▶ Task description:
Write out each line of the material exactly as given, and drop the images.

▶ Dataset extract:
════════════════

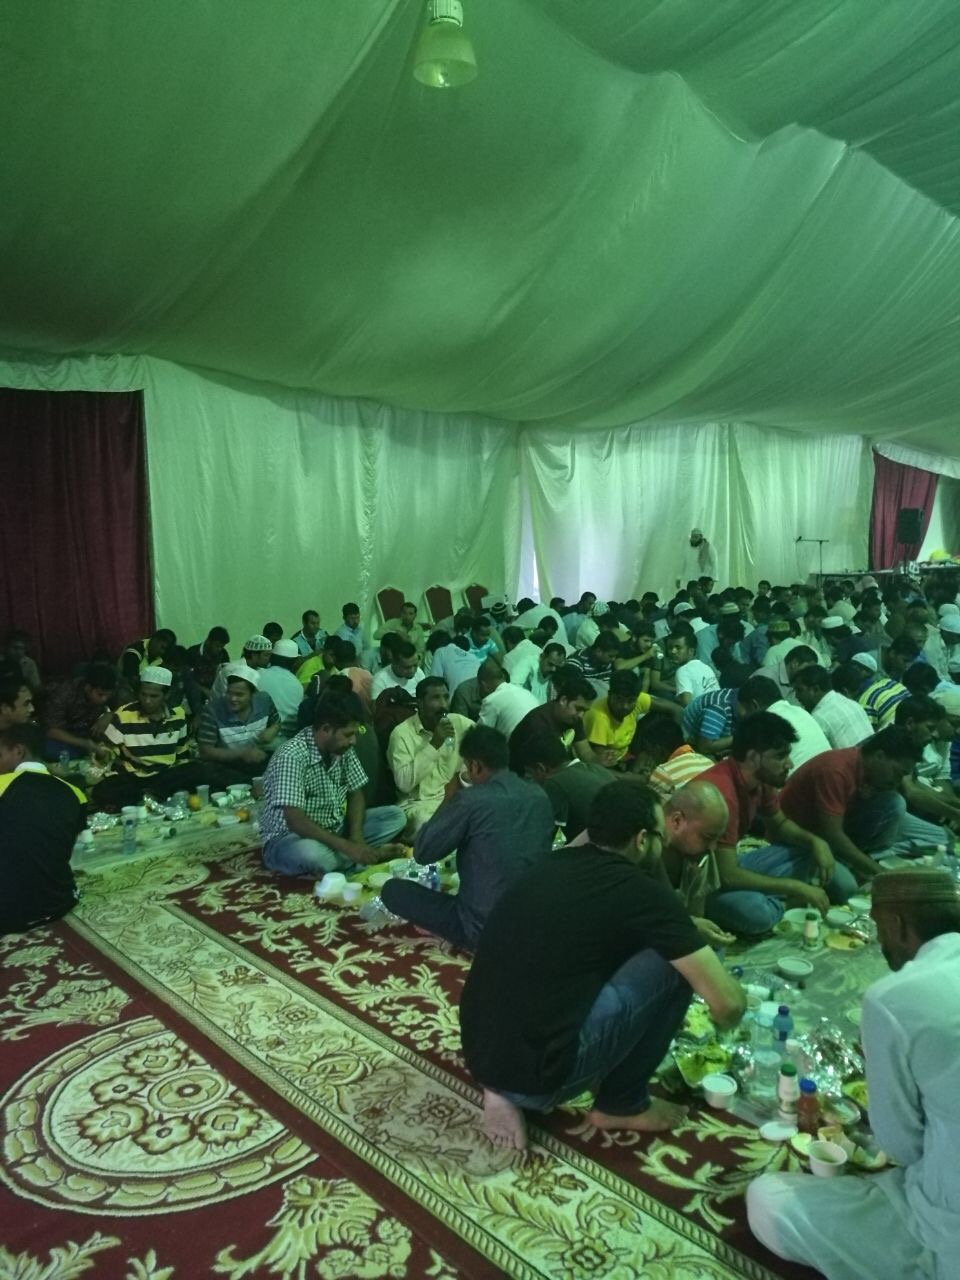 شملت 800 صائم في يوم التدشين.. افتتاح أضخم خيمة إفطار في المجاردة - المواطن
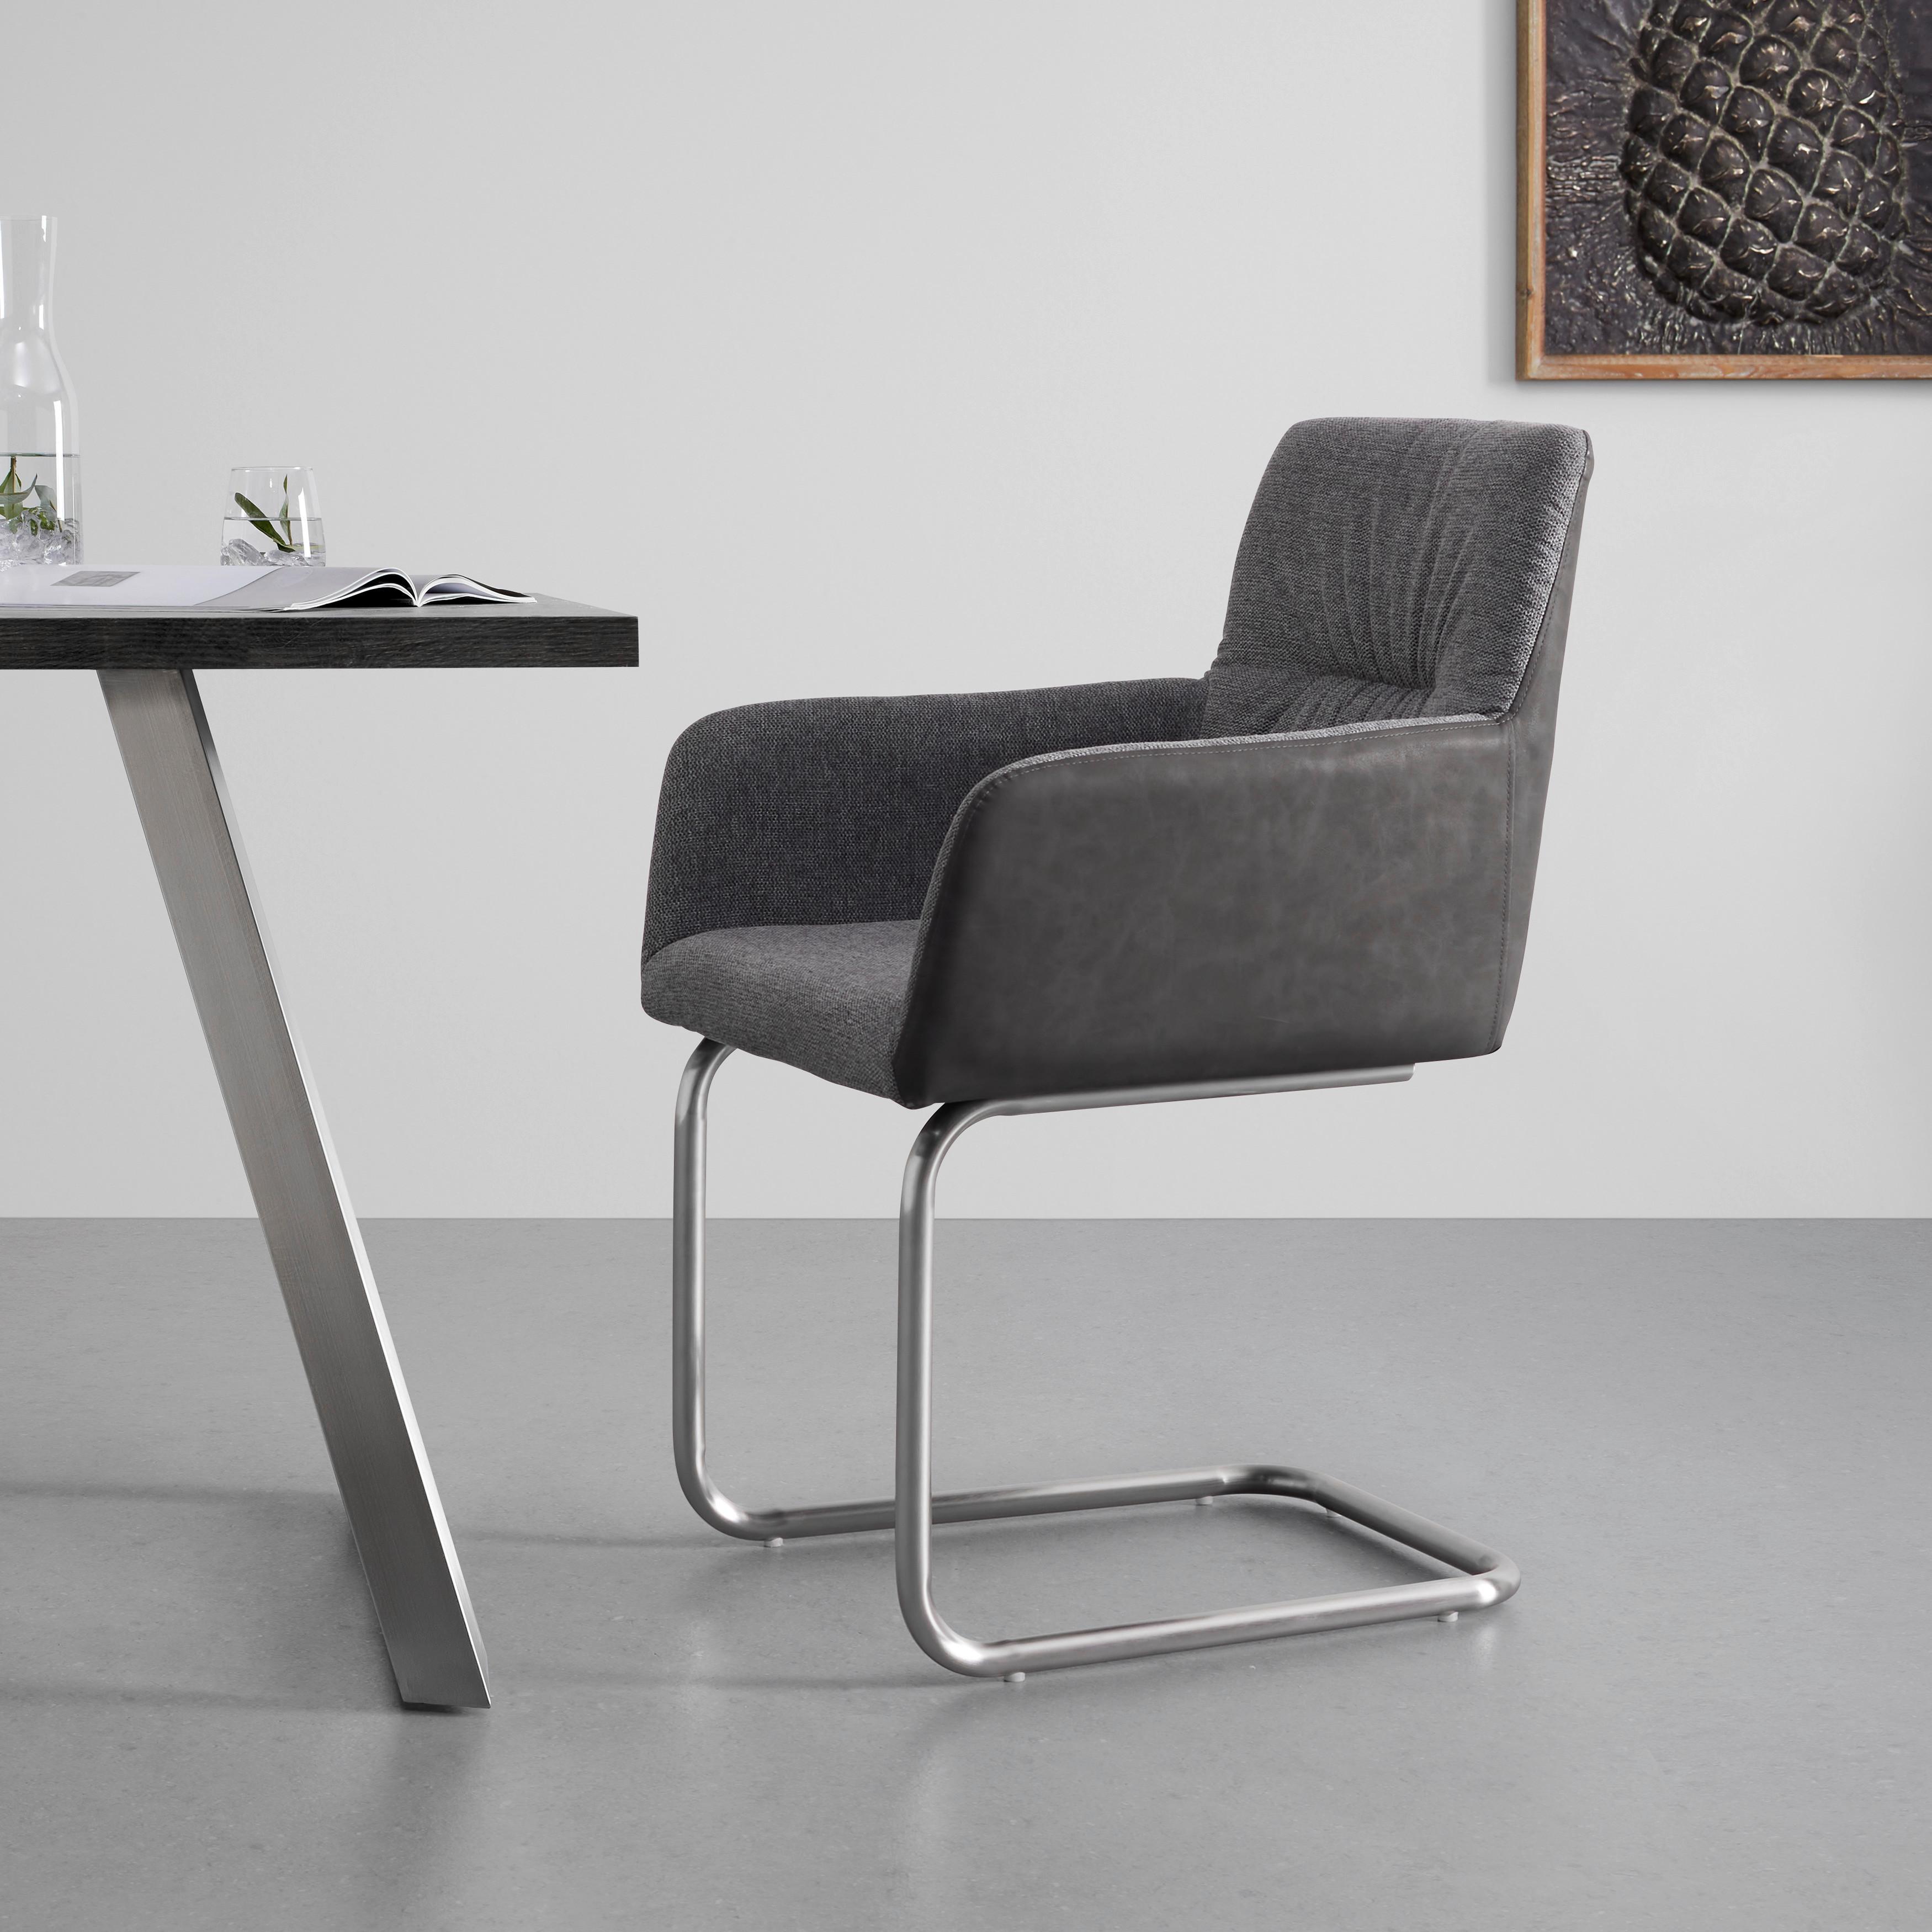 Houpací Židle Enja Tmavěšedá - tmavě šedá/barvy nerez oceli, Moderní, kov/dřevo (56/86/62cm) - Bessagi Home
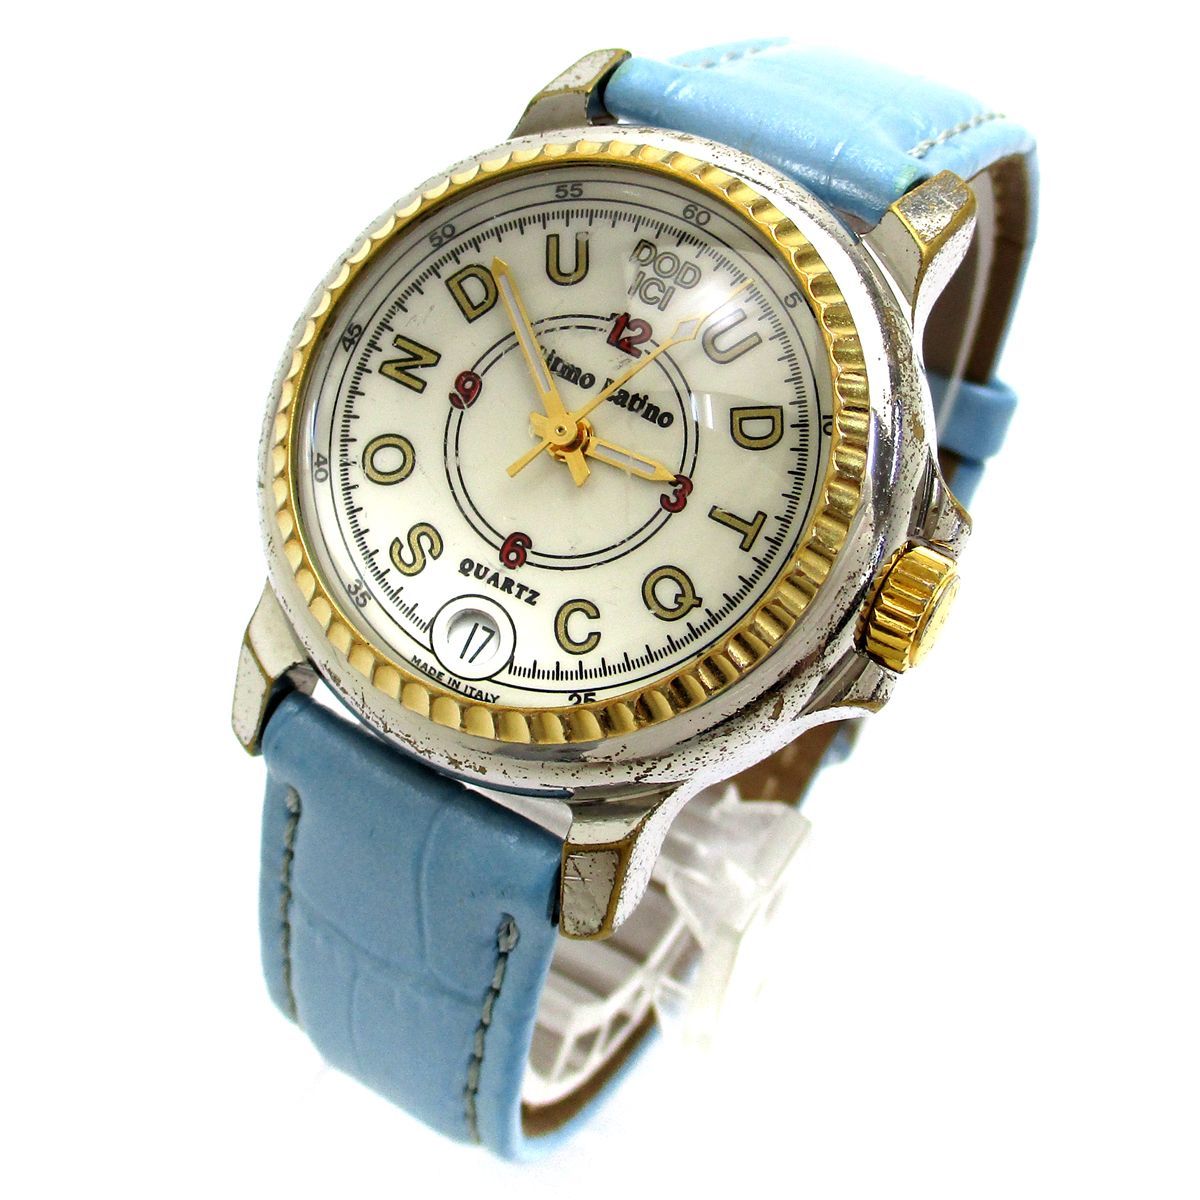 リトモラティーノ 時計 ドーディッチ ユニセックス 白文字盤 腕時計

════════════════

▶ Task solution:
 شملت 800 صائم في يوم التدشين.. افتتاح أضخم خيمة إفطار في المجاردة - المواطن
 Houpací Židle Enja Tmavěšedá - tmavě šedá/barvy nerez oceli, Moderní, kov/dřevo (56/86/62cm) - Bessagi Home
 リトモラティーノ 時計 ドーディッチ ユニセックス 白文字盤 腕時計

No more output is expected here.